You have no idea how flattered I am by you assuming I'm actually clever enough to do that


----------



## The Reverend (Nov 6, 2012)

HOLY SHIT, GUYS. 

snopes.com: Washington Redskins Predict Presidential Elections

What a strange correlation between the Redskins' home game losses and wins and the Presidential election. I think this is because the Redskins are smarter because they're the Redskins.

I know this thread is dead, but still. 

Sometimes correlations are just correlations, and nothing more. 









Fuck Counting Crows, too. I'm out. *drops mic*


----------



## Loomer (Nov 7, 2012)

I believe there may also be a correlation between men liking penis in their butt, and homosexuality. 

Just a theory, though.


----------



## Ryan-ZenGtr- (Nov 7, 2012)

^lol Mithras....

That's some catchy shit right there! 

The only band that can sue Jesus for plagiarism.


----------



## Edika (Nov 7, 2012)

Just to add to the conversation a bit, I had seen a documentary about education and development of intelligent in children. Their studies showed that learning an instrument increased their IQ by 5 points but if they stopped their IQ reverted to the their usual rating.

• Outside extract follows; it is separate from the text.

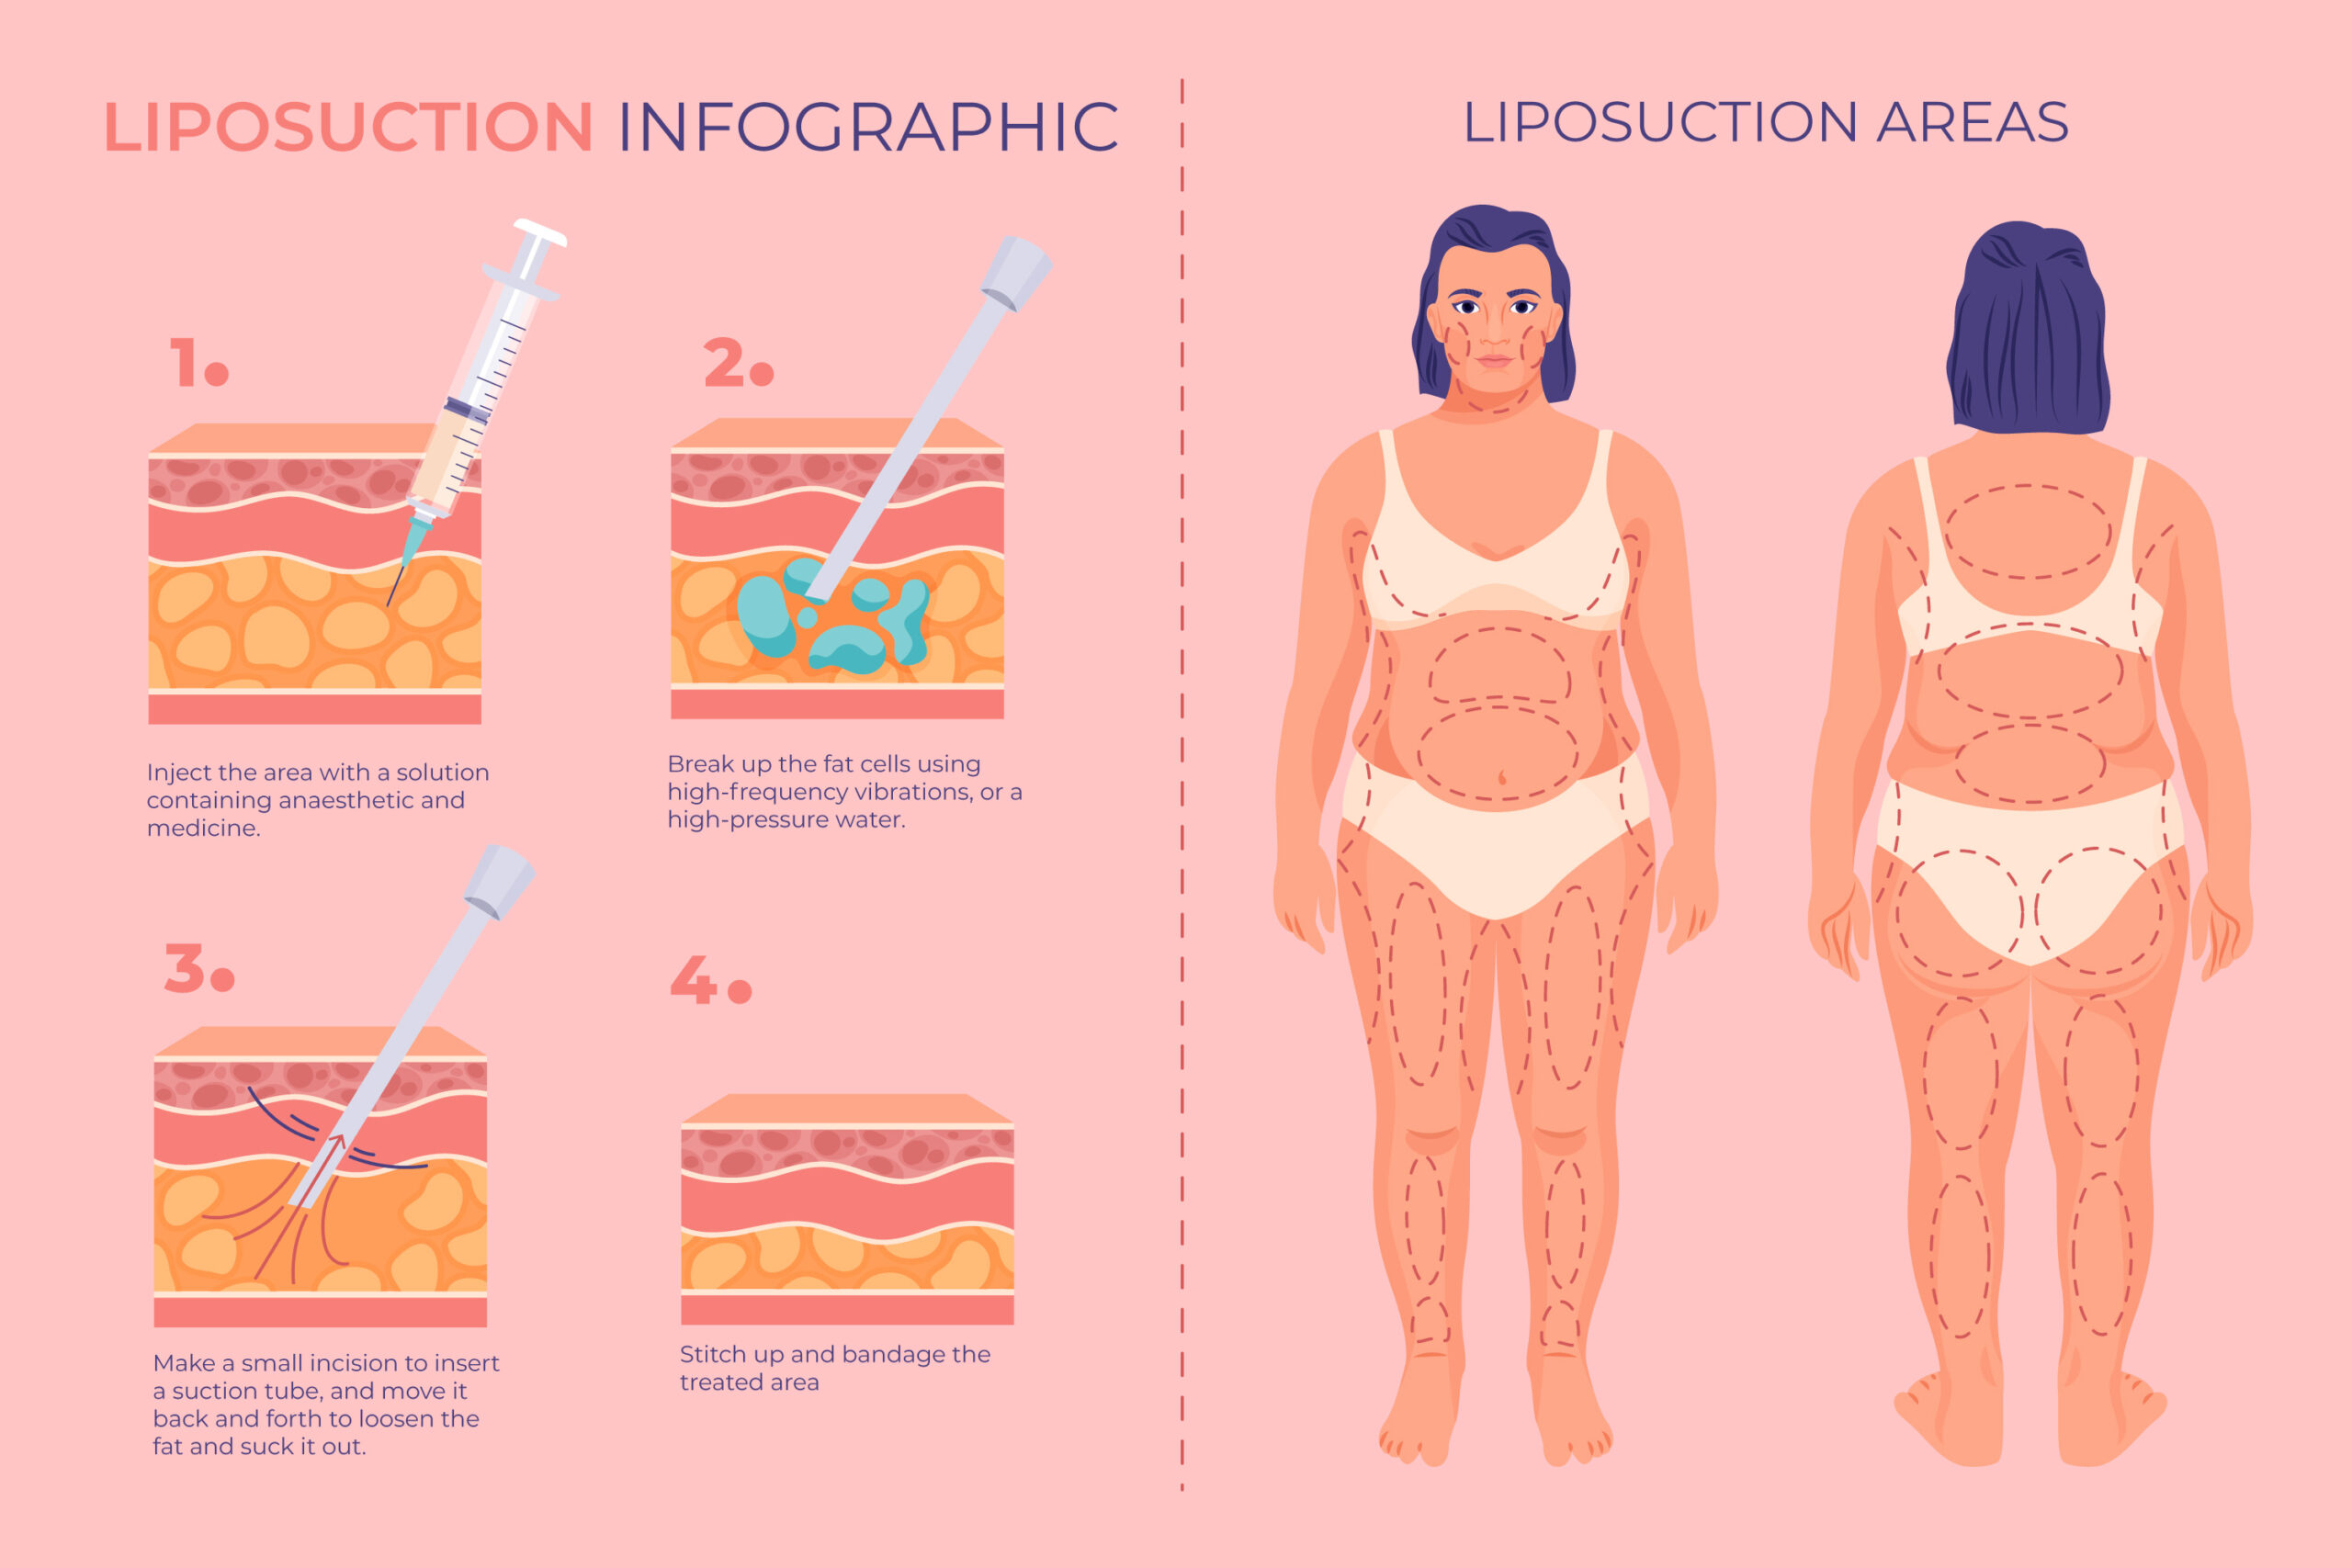 Liposuction: How It Works, Benefits, Types, and More! Update 2022

I don't believe that more intelligent people will listen to more complicated music. They might, and I stress might, be able to appreciate it but not necessary like it. Music taste really depends on cultural, emotional and psychological factors. It is not so uncommon that certain types of music are more popular in certain ages (metal/rock/punk to adolescents).

Since I haven't read any studies or have no immediate interest to do so, I'll give some examples from personal experience. I am rather intelligent and have completed higher education studies. Most of my friends are in a similar educational and/or cognitive level. Most of them listen to pop music or stuff that would not be considered technical or complicated. The reasons for doing so is that they listen to music to relax and have some fun. After racking your brain all day with rather difficult subjects, doing experiments and reading scientific papers and books most of them really don't care about complicated structures, different rhythms and obscure chord progressions. Add to that the uncertainty of duration and country of employment. Most days I don't want to even touch the guitar, let alone listen to stressing music. 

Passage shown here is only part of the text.